= Gotofredo I (archbishop of Milan) =

Gotofredo I (or Gotifredo; died 19 September 979) was the archbishop of Milan from 974 until his death.

Gotofredo first appears as Gotefredus clericus ac notarius ("Gotofredo, cleric and notary") of Archbishop Walpert in July 962, when he was at San Salvatore di Tolla nel Piacento. Gotofredo was later a subdeacon and a supporter of the Ottonians, for whom he acted as a diplomat. On 25 June 965, he was present with Burchard III of Swabia at the Battle of the Po, where Guy of Ivrea was defeated and killed.
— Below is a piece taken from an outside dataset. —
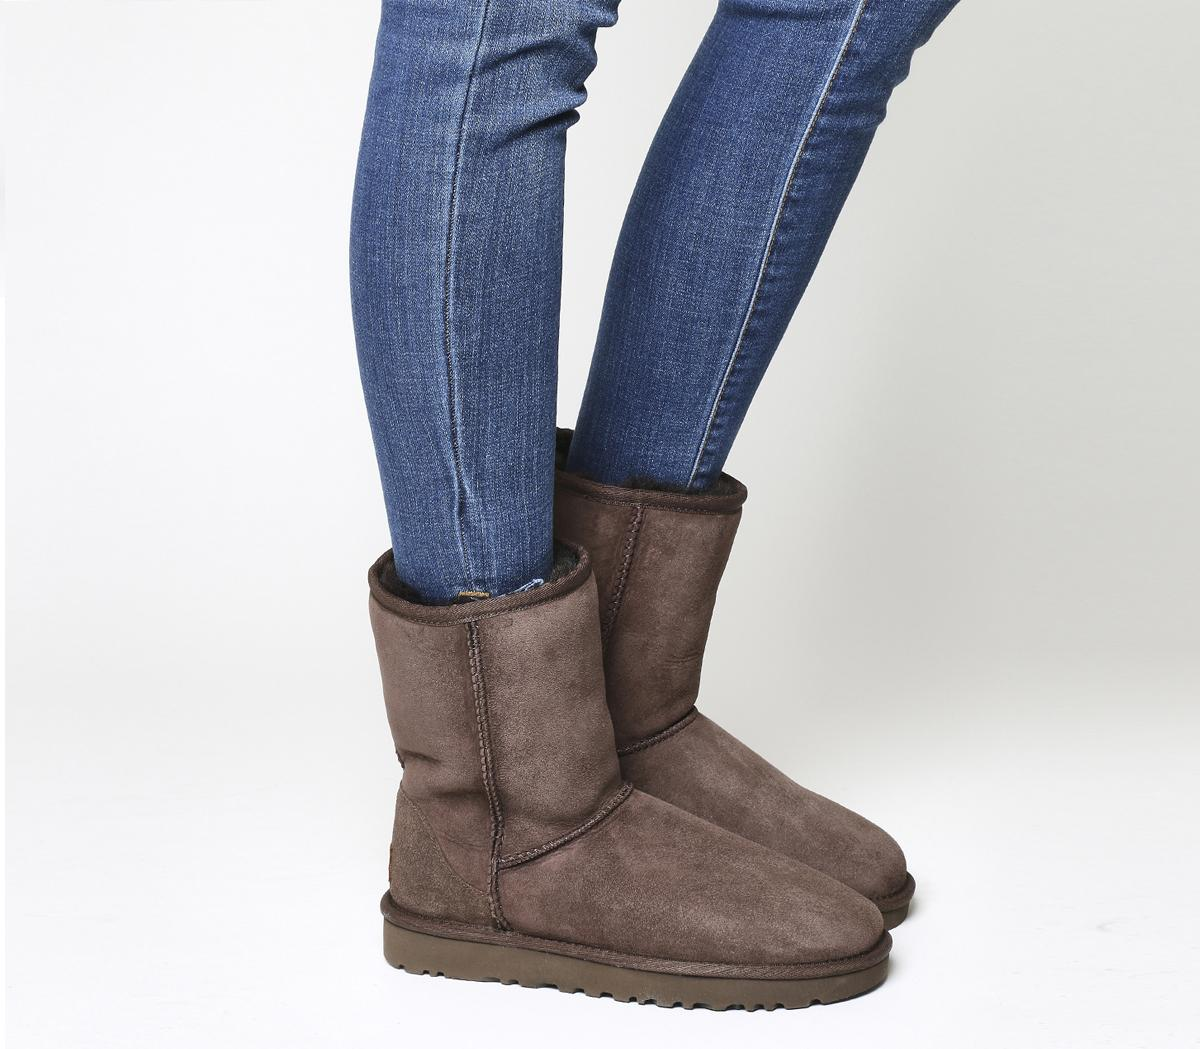 UGG Classic Short II Boots Chocolate

Guy's younger brother, Conrad Conon, was convinced to leave his family's faction, with the offer of the March of Ivrea, now vacated. Gotofredo, on behalf of Otto I, bestowed it on him in 970.

According to the notice of his death, he had been archbishop for five years, one month, and twenty-three (or twenty-four) days, which, calculated backwards, places the beginning of his tenure in July or August 974, depending on whether it is dated from his election or consecration. His predecessor, Arnulf I, died on 16 April 974. Gotofredo's episcopate was marked by his continued support for the Ottonian dynasty and for German rule of Italy. He died in 979 and was buried in Santa Maria Iemale. He was the last of a series of seven politically active archbishops before a period of quiet descended on the Ambrosian see.